Measure distance in n dimensions with Pythagoras (betterexplained.com)
Very simple, but there are some good examples here about how you might do this to quantify similarity in users based on their expressed preferences. Simple techniques are often best.
11 comments
[ 5.8 ms ] story [ 27.7 ms ] threadWhile the method presented is really simple, it's tricky to think of it as "intuitive" when n>3 without looking at a proof.
Additionally, while they /are/ harder to access, reading and understanding various proofs in Math can be an even more beautiful and enlightening experience than just seeing the practical result.
Maybe it's the difference between realizing that setf can be using on all the generalized variables and actually reading the source and seeing why. Math is full of clever hacks.
From http://www.jgc.org/tsc/
Camouflage (GWI!Camouflage!HTML) What: Like Invisible Ink, but instead of using identical colors (e.g. white on white) use very similar colors. Date added: June 2, 2003 Example from the wild: The colors 1133333, 123939, and 423939 are chosen to be very similar without being the same)
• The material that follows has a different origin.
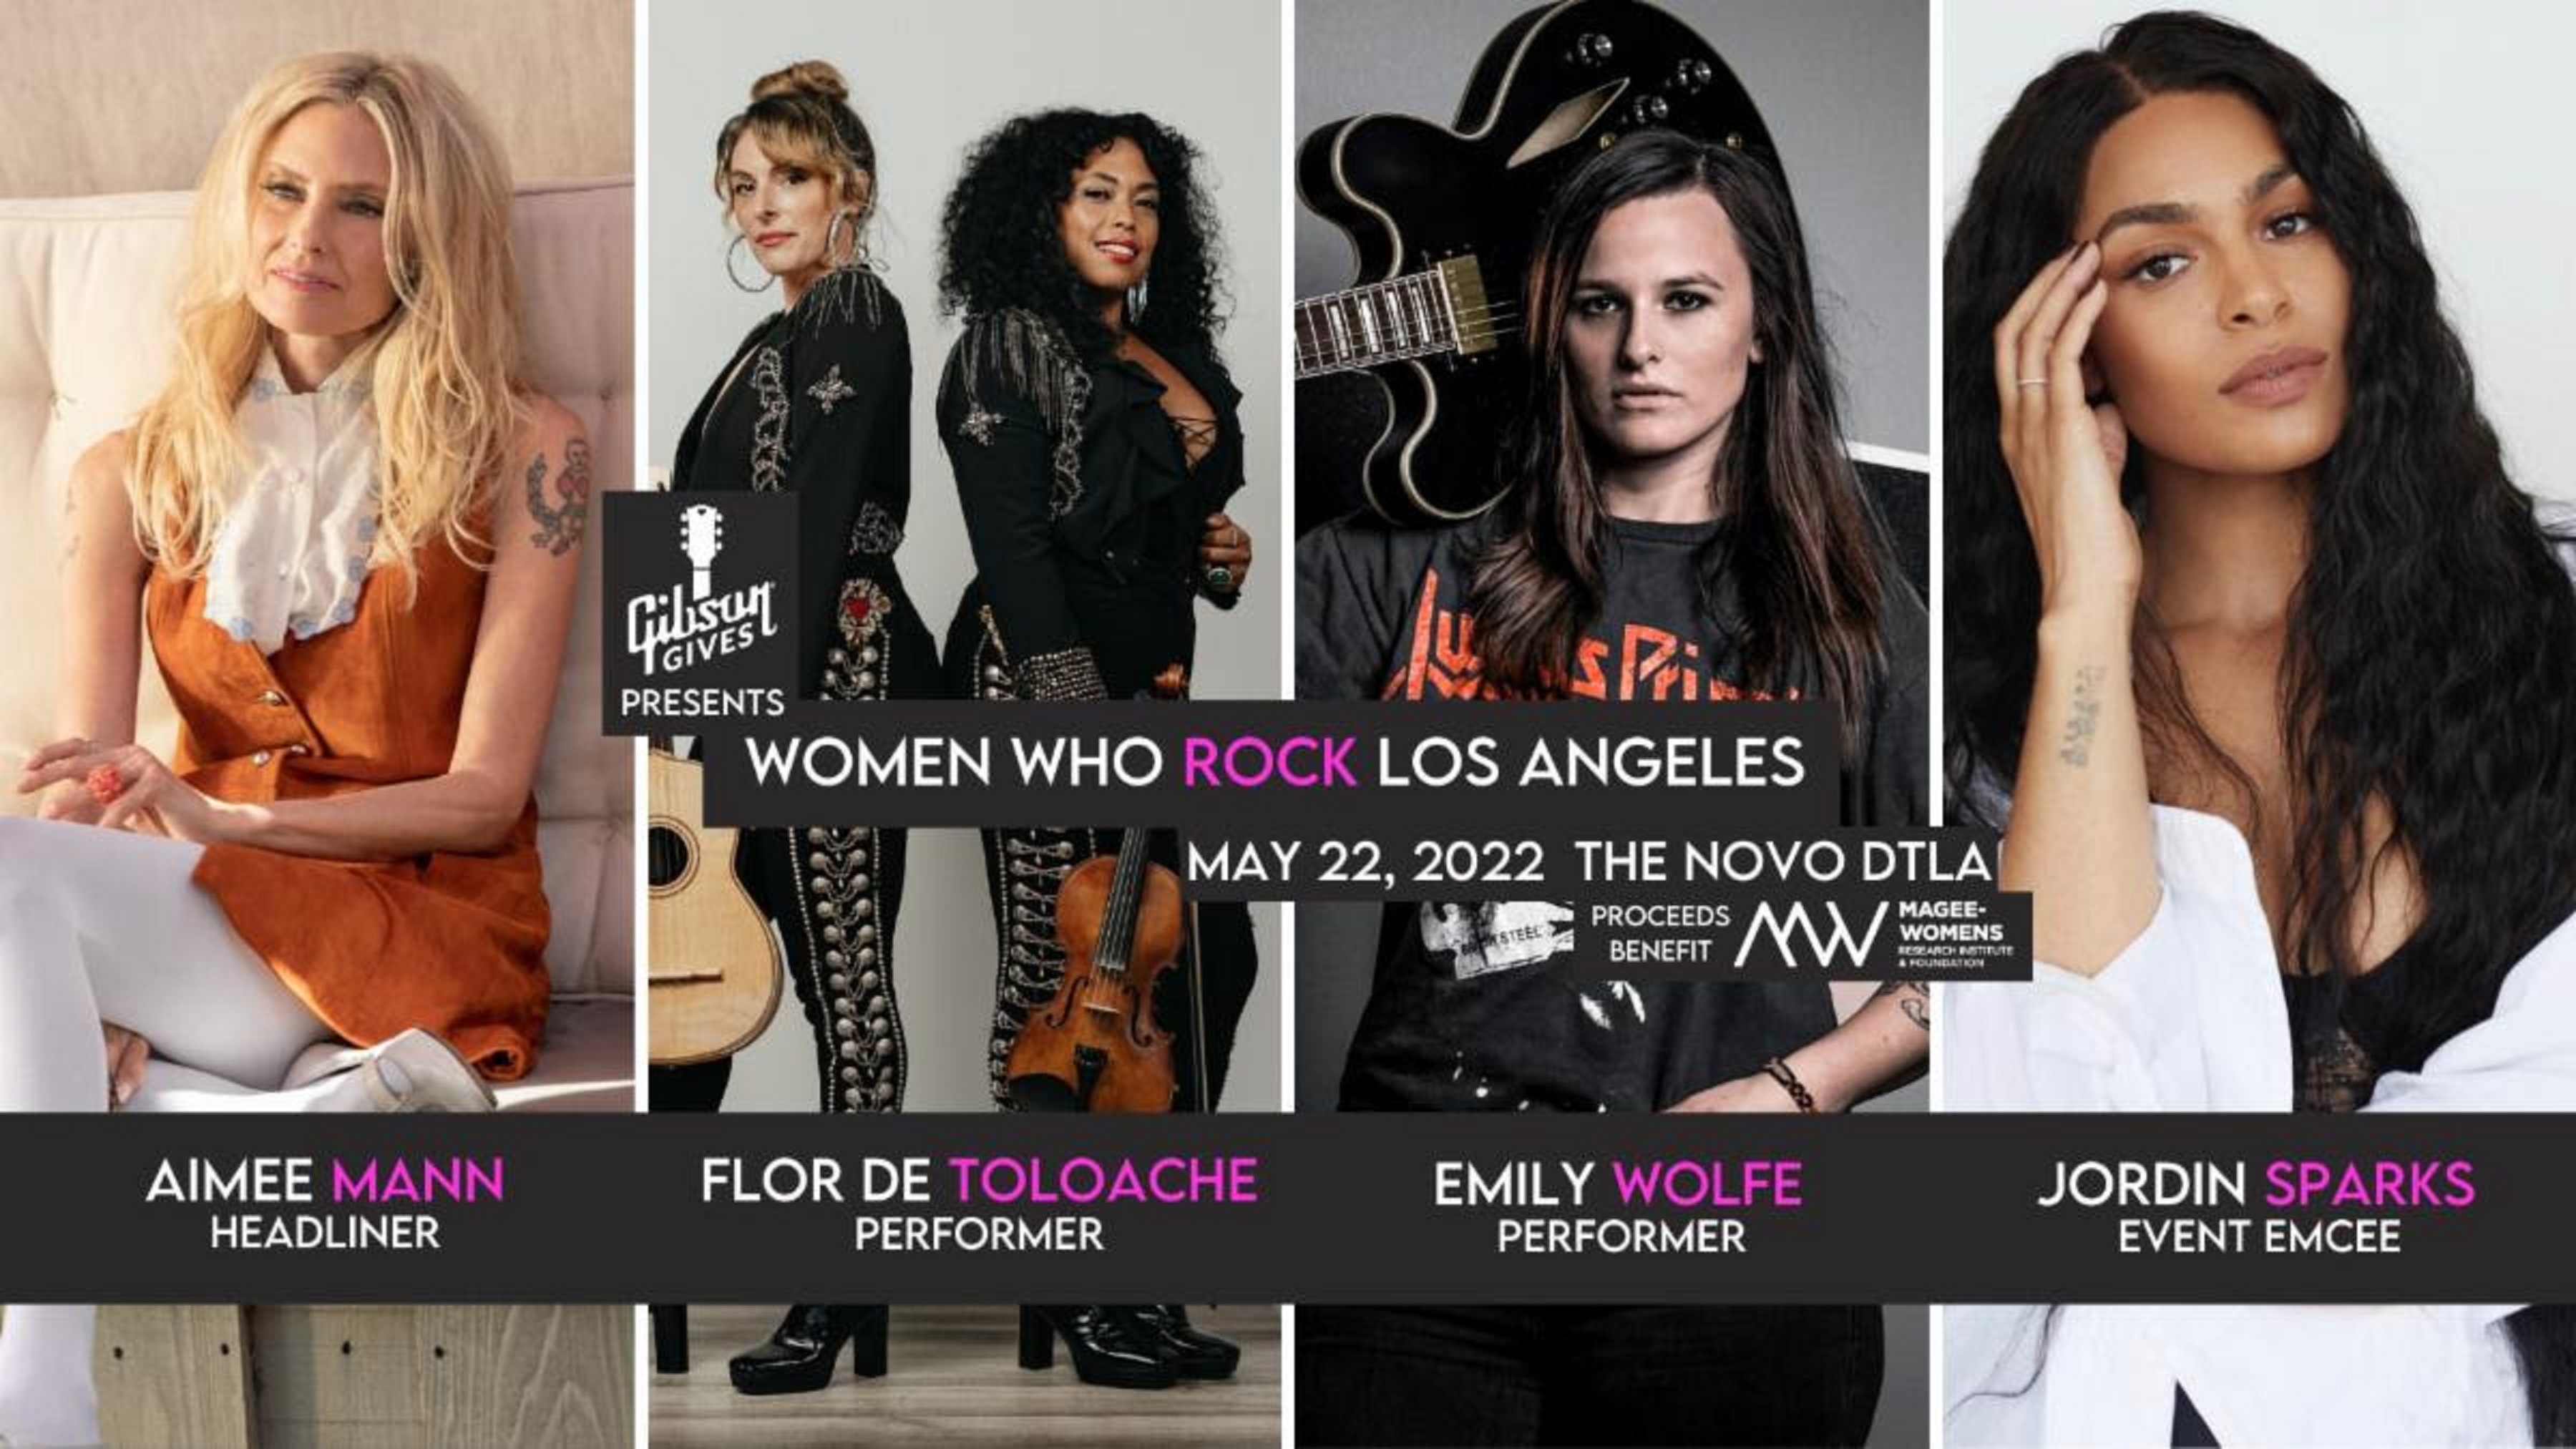 Aimee Mann to Headline Women Who Rock Benefit Concert, Tonight, Sunday, May 22 6:30p at THE NOVO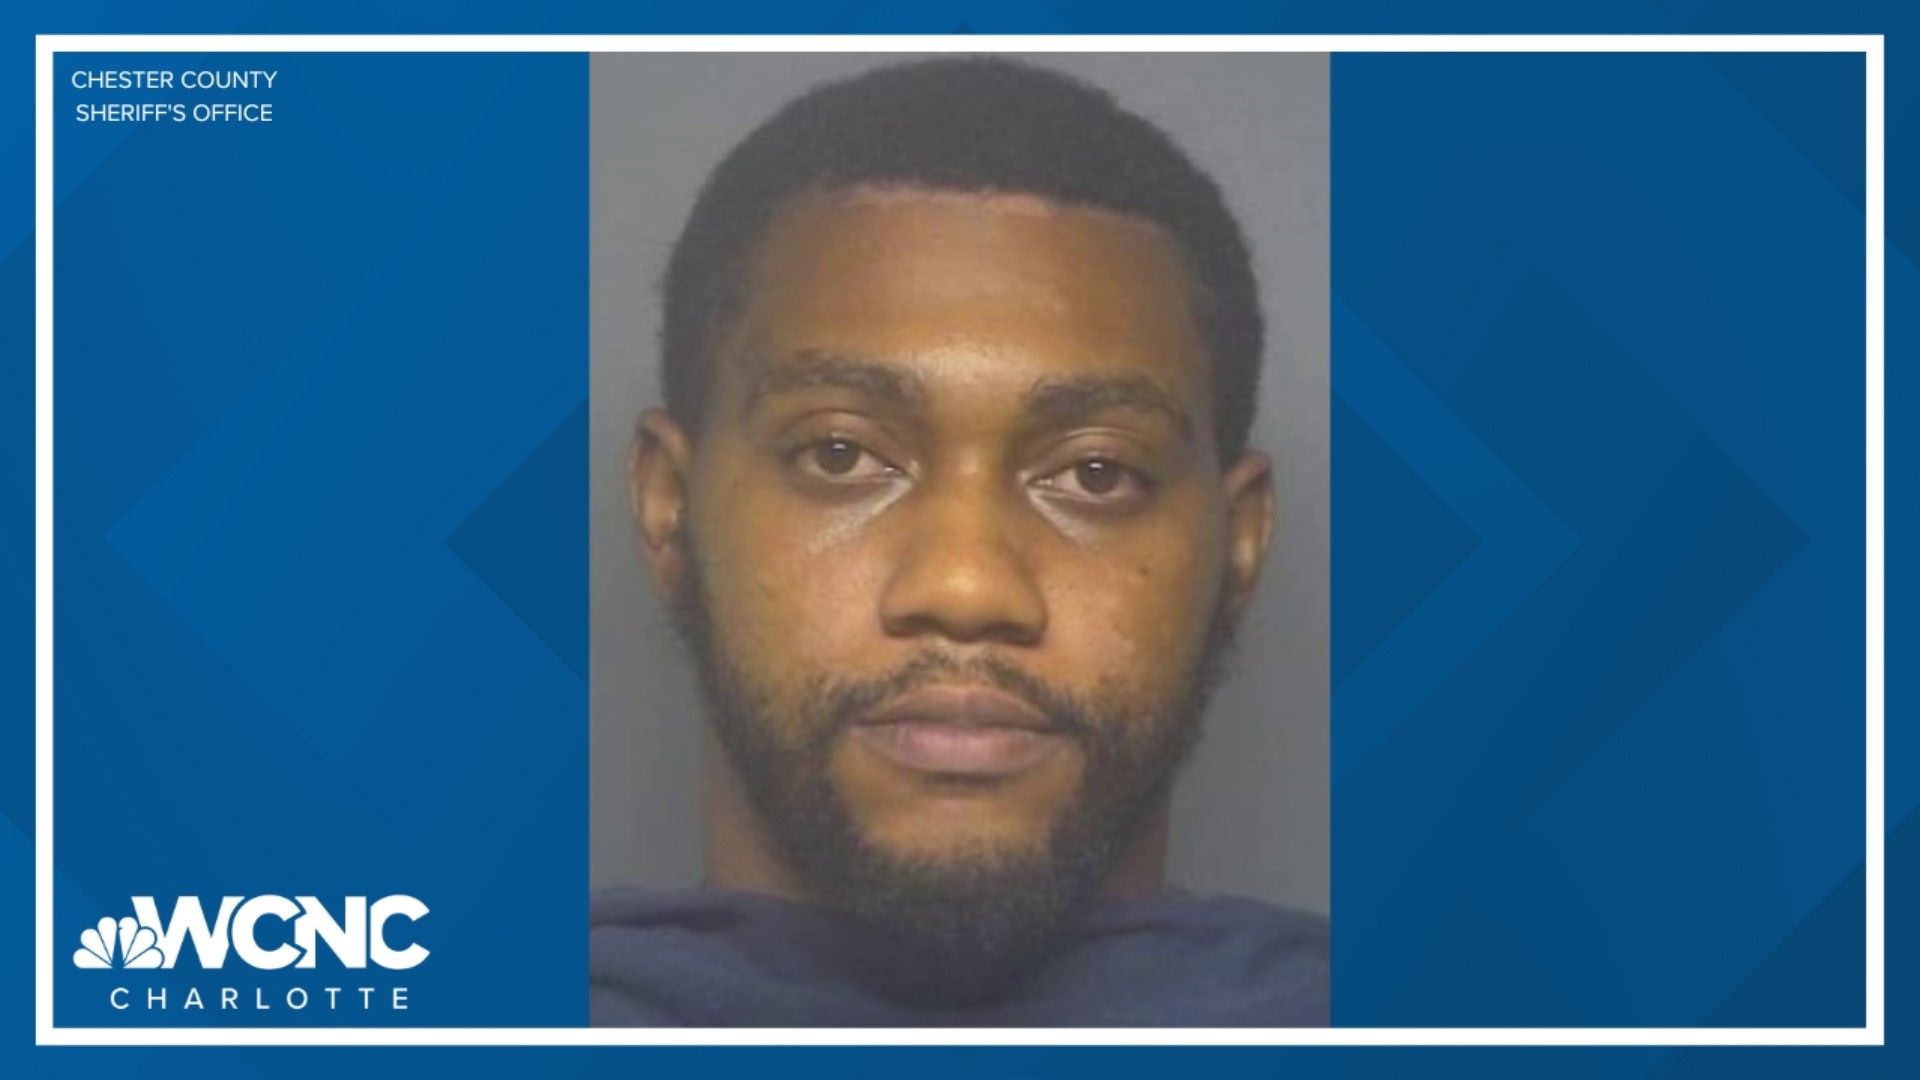 The Chester County Sheriff’s Office said the suspect in a Chester County murder investigation has been taken into custody.

<table bgcolor="#113333"><tr><td><font color="#123939">those rearing lands</font><br> <table><tr><td><br><font color="yellow" size=5><b>Plasticine sex-cartoons.</b></font><br> <font color="#423939">eel harness highest</font><br> <font color="white" size=3>Absolutely new category of adu1t sites. </td></tr></table> <font color="#123939">nobody jets held<br>Northumbria- diamond sleep</font></td></tr></table>
%See for example: http://en.wikipedia.org/wiki/Distance
http://en.wikipedia.org/wiki/Metric_space
edit: read the second section on how to establish something is a metric space. (in the wiki article)
But finding the distance between two N-D points isn't really hard at all.
What is hard is finding the distance between a point and a set of points. Or a set and a set.
Doing exhaustive search is wasteful.
If you're interested, look in to K-D trees as a real solution. Best-bin-first modified K-D trees are the basis of the SIFT object instance recognition feature matching algorithm. Break an image into a set of ND features. Matching a geometrically consistent subset of those features to a previously seen object works extremely well.
The algorithm is general. Change and add features to make it more powerful or faster. But the idea of using a set of ND linear features to describe an object should last for years.